III. Consideraciones y fundamentos

1. Competencia.

Asumido este asunto mediante auto de la Sala de Selección Número Ocho (8) de agosto diez (10) de dos mil seis (2006), se aprecia que esta Corte es competente para revisar el fallo dictado en la acción de tutela iniciada por Fabián Henao Cardona contra el Juzgado Diecinueve (19) Penal del Circuito de Cali y la Fiscalía Seccional Dieciocho (18) Delegada ante los jueces penales del Circuito de Cali, de conformidad con lo previsto en los artículos 86 y 241-9 de la Constitución Política y los artículos 31 a 36 del Decreto 2591 de 1991.

2. Problema jurídico.

La presente controversia plantea como interrogante a resolver, a la luz de los postulados constitucionales vigentes, si dentro del proceso penal adelantado por las autoridades judiciales demandadas contra el señor Fabián Henao Cardona, se vulneraron o no, sus derechos fundamentales al debido proceso y a la defensa técnica judicial.

Para tal efecto, se formularán algunas consideraciones generales sobre la procedencia de la acción de tutela contra providencias judiciales, lo mismo que sobre la defensa técnica en materia penal para, con base en ellas, abordar el estudio y decisión del caso concreto.

3. La acción de tutela contra providencias judiciales. Reiteración de jurisprudencia.

En innumerables oportunidades esta corporación se ha pronunciado sobre la procedencia de la acción de tutela en contra de providencias judiciales (1) . Al respecto ha manifestado que, en principio, este instrumento judicial residual y supletorio no resulta adecuado para controvertir los fallos proferidos por la administración de justicia. En este sentido, resalta que la Constitución Política de 1991, en su artículo 230, confirió a los jueces autonomía en sus decisiones, con el ánimo de garantizar una de las premisas básicas del Estado de derecho moderno: la independencia del juez.

Ahora bien, la jurisprudencia constitucional ha precisado también que la autonomía conferida a los jueces por la Carta Política, no puede convertirse en un escudo que les permita incurrir en arbitrariedades en el ejercicio de las funciones que les han sido encomendadas, pues el derecho al debido proceso, se erige como un límite obvio y necesario para la adecuada actividad judicial. De esta manera, la discrecionalidad que reviste al juzgador al momento de decidir los casos sometidos a su consideración, se debe ajustar siempre a la observancia de esta garantía de carácter fundamental.

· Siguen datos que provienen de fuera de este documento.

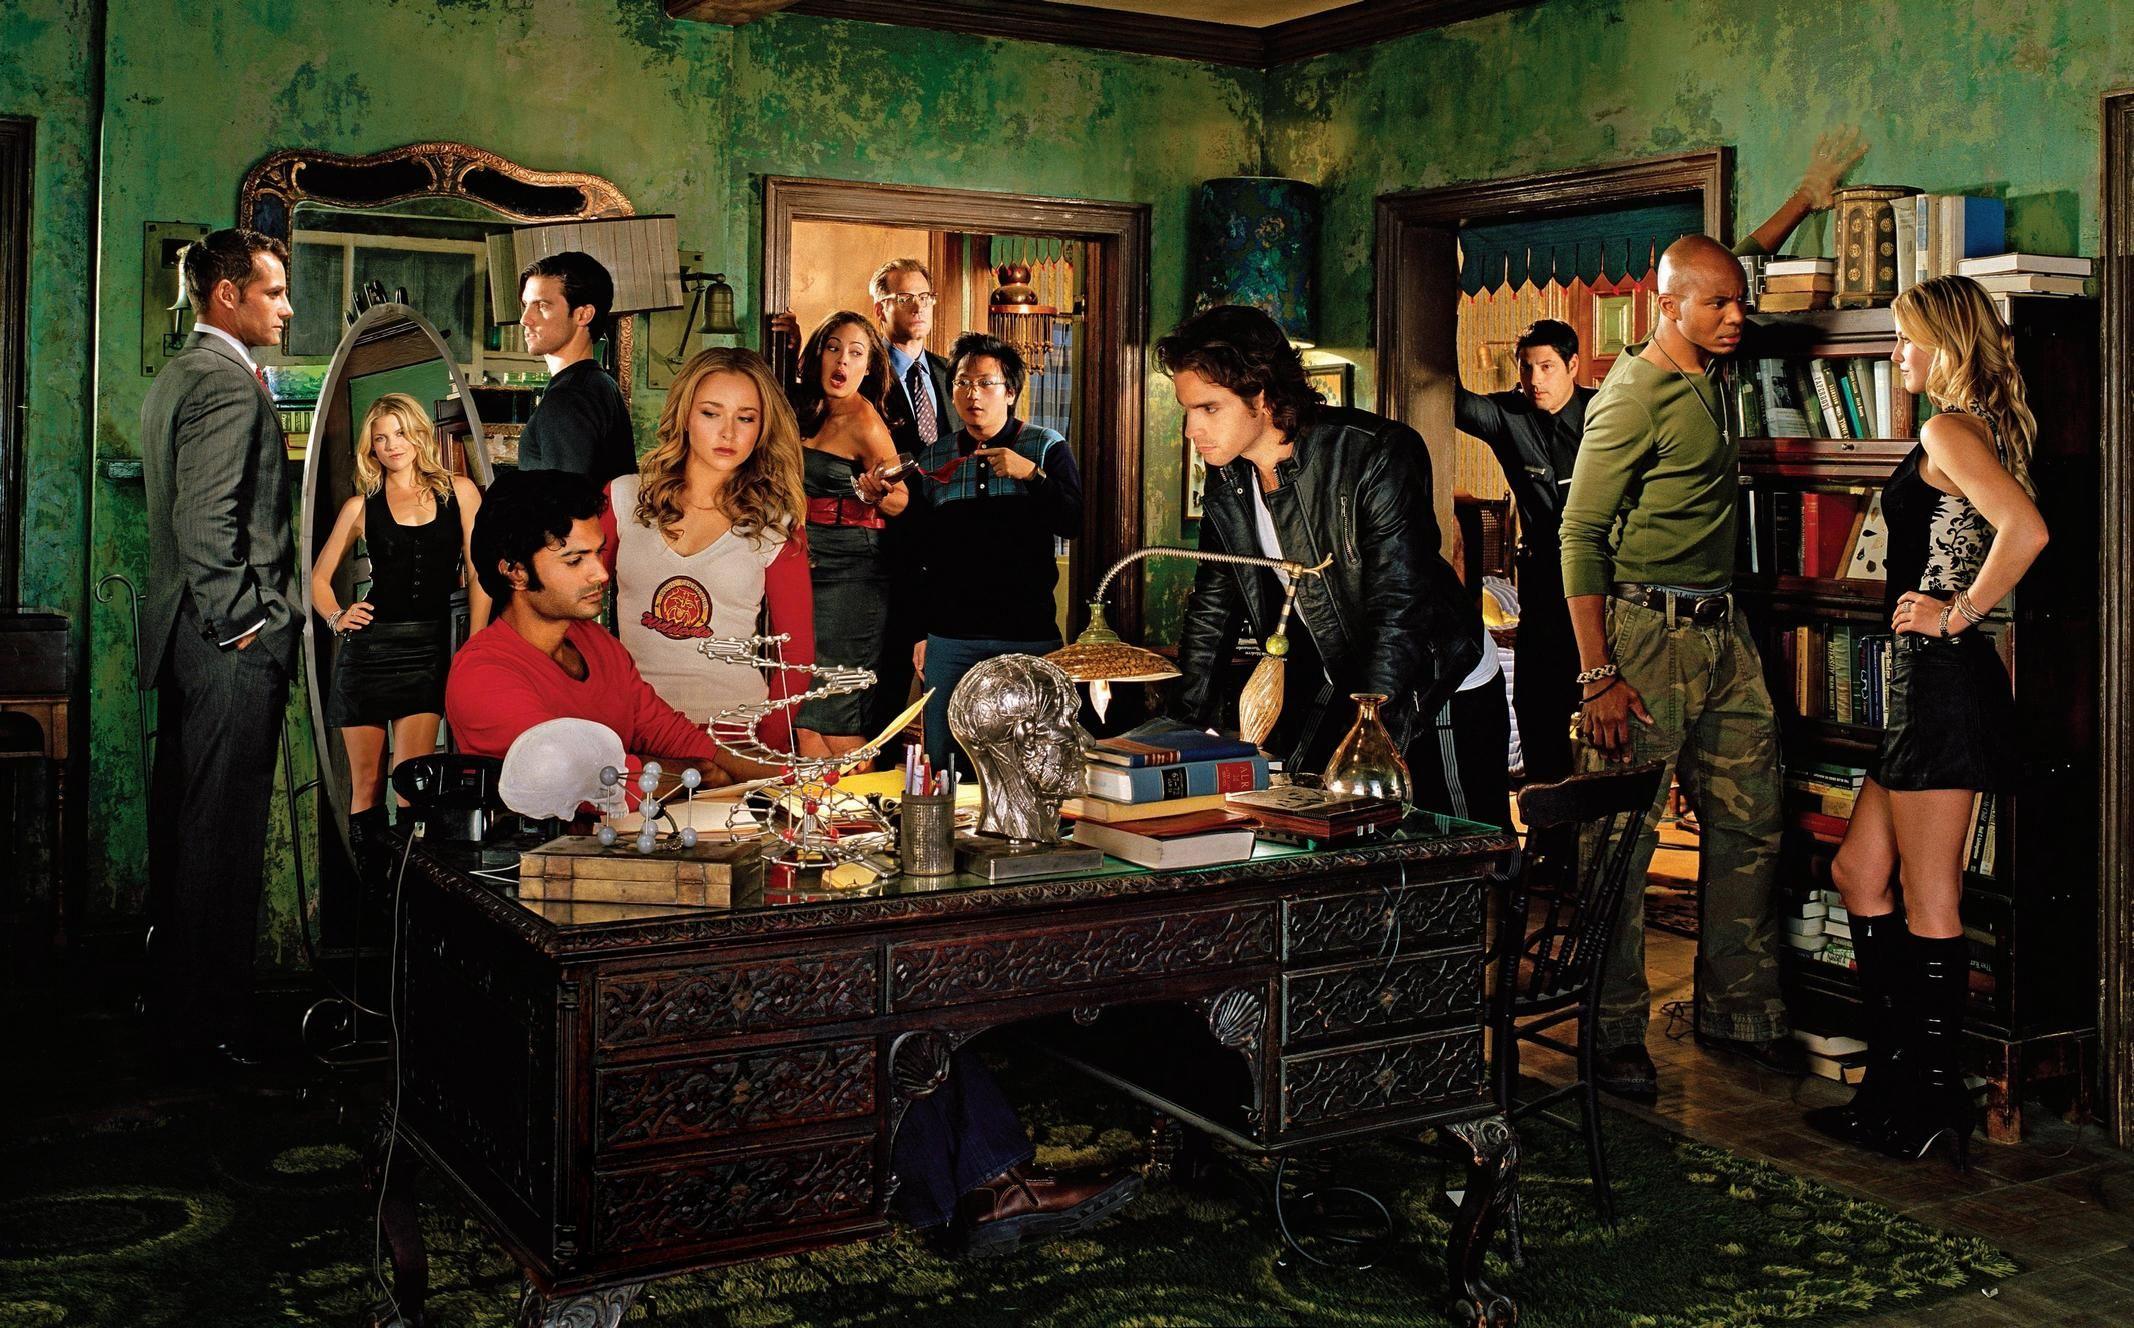 Heroes ~ Season 1 cast photo | Entertainment: TV, Film, Music n Pop ...

Es, entonces, solo ante el evento en que el juez natural no observe el derecho consagrado en el artículo 29 superior, cuando el juez constitucional está llamado a intervenir, por vía de tutela para exigir su respeto.

Esta Corte, a lo largo de los años de su labor, ha decantado una sólida doctrina de lo que tiene que ver con la inobservancia por parte de las autoridades judiciales del derecho al debido proceso cuando hay una violación flagrante y grosera.

Así pues, ya se han trazado derroteros que pretenden enmarcar las violaciones flagrantes y groseras en las que puede incurrir el juez.

De esta manera, resulta fundamental indicar que no solo las fallas judiciales que devienen por una voluntaria desviación de los preceptos legales y constitucionales por parte de un juez (2) , pueden resultar en una “vía de hecho”. Quien administra justicia puede desviarse de los derroteros anteriormente anotados cuando, sin que medie voluntad alguna de hacerlo, sin que su conciencia se encuentre dirigida a provocar la violación del debido proceso, por ignorancia, negligencia, descuido o desidia, falte a las normas aplicables a cada caso, aplique un procedimiento indebido, no decrete o ignore una prueba practicada, o dicte sentencia sin estar legitimado por la ley para ello. Es esta, pues, la hipótesis de que el juez cometa un error grave en su actividad; error que resulta en una violación al debido proceso.

4. El derecho a la defensa técnica y el debido proceso en materia penal.

El artículo 29 de la Constitución Política, cuyo primer inciso ordena de manera genérica la aplicación del debido proceso a todas las actuaciones administrativas y judiciales, particulariza posteriormente respecto del contenido de este en determinados procedimientos y, en su inciso 4º, establece que los sindicados tienen derecho a que los asista un abogado dentro de todo el proceso penal, esto es, tanto en la etapa de instrucción, como en la de juzgamiento. Tal garantía puede materializarse a través del nombramiento de un abogado por parte del sindicado —defensor de confianza— o mediante la asignación de un defensor de oficio nombrado por Estado.

A su vez, en el proceso penal, el ejercicio concreto de la defensa está determinado por las facultades de la parte acusada, que son básicamente las de aportar pruebas, controvertir las allegadas al proceso e impugnar las providencias proferidas dentro del mismo.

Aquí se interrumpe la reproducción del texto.